What’s in a Name?
Published
Categories
Author
How many of us, upon seeing a bird
How many of us, upon seeing a bird, plant, or insect, stop to think … Who is that? How should it be classified? What species is that? Fundamental to humanity’s relationship with nature is our desire to classify and name our non-human neighbours, with local names varying widely by region and culture. Indeed, how we answer these questions says a lot about where, and with whom, we live.
The common lake fish known in Ontario as Sheepshead goes by Gaspergoo in Louisiana. In Toronto, any small silvery fish might be called a “minnow,” whereas aficionados and scientists differentiate among no fewer than 38 minnow species in Ontario alone, from the Allegheny Pearl Dace to the Spottail Shiner. Taking this even further, Tukano cultures in the northwestern Amazon are noted for their precision in distinguishing each of several hundred tropical fish species inhabiting the streams and rivers of their rainforest home, echoing the famous precision with which Inuit cultures in Canada recognize gradations of snow and ice.

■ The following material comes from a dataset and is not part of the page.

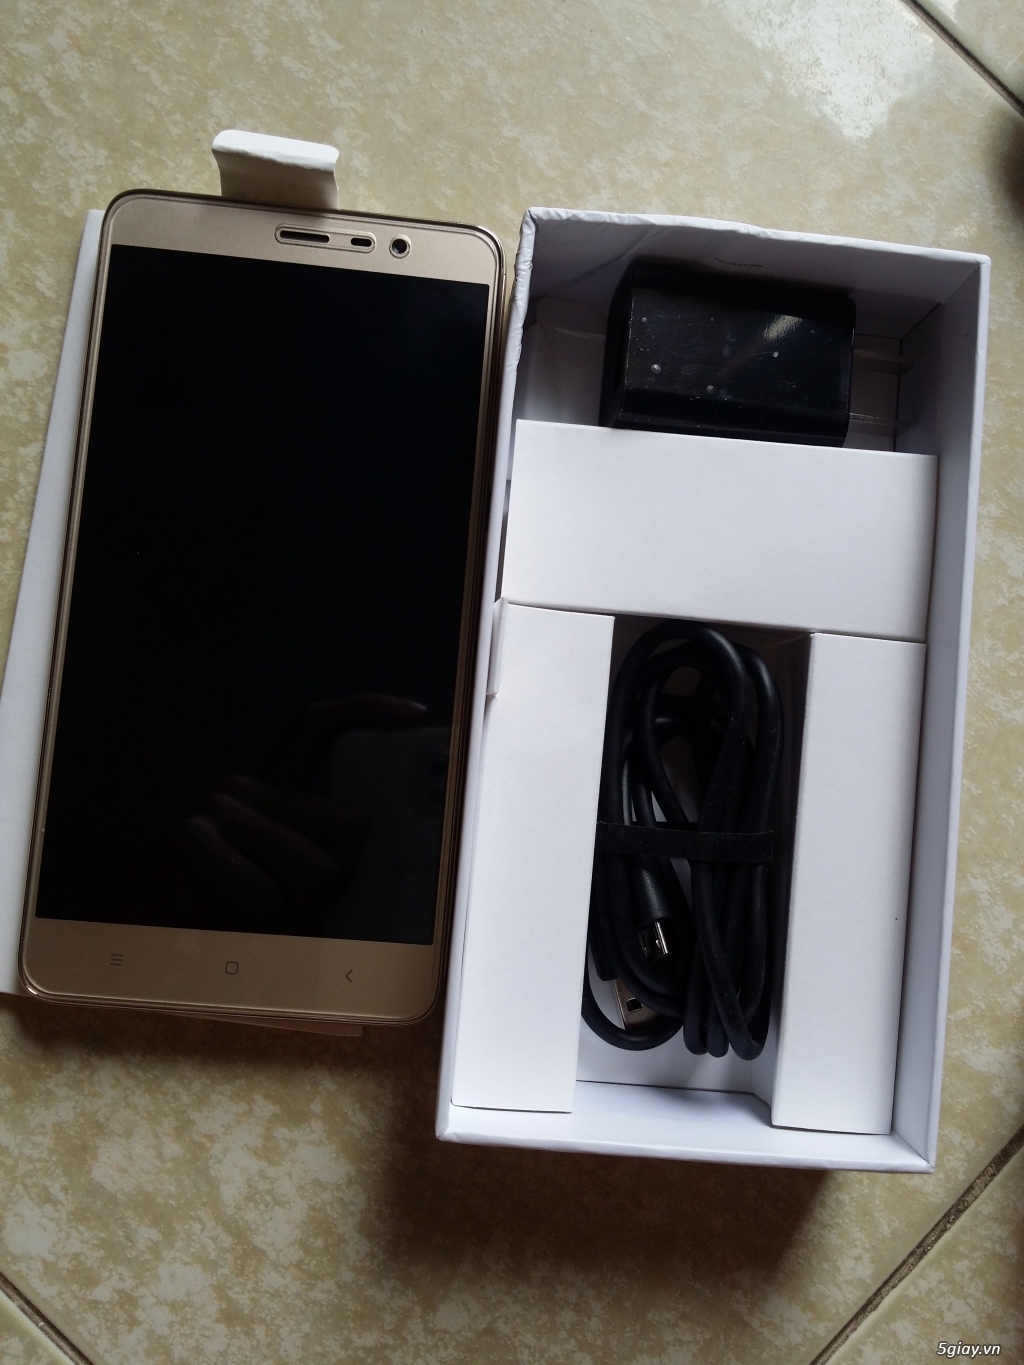 Xiaomi Redmi Note 3 Gold Ram 3G/32G like new 99,9% bh 12 tháng - 2

The myriad ways in which people name nature is, on one hand, a poignant manifestation of culturally diverse perspectives. Yet for biodiversity scientists who must accurately and efficiently collect, collate, and communicate species data across generations, cultures, and communities, a parallel system for consistently and precisely naming nature is critical, as are new tools for rapidly obtaining the correct name for each species.
Tragically, the ongoing acceleration of global biodiversity loss is placing scientists and researchers in an urgent race to not only protect documented species but also discover, differentiate, and name the staggering diversity of species that remain undescribed. More so now than ever, biologists need the help of new technologies and big data to rapidly and unambiguously assign Earth’s multitude of species their proper scientific name. ROM’s Natural History curators and collections, and the cutting-edge biodiversity research they lead and facilitate, are helping pave the way forward.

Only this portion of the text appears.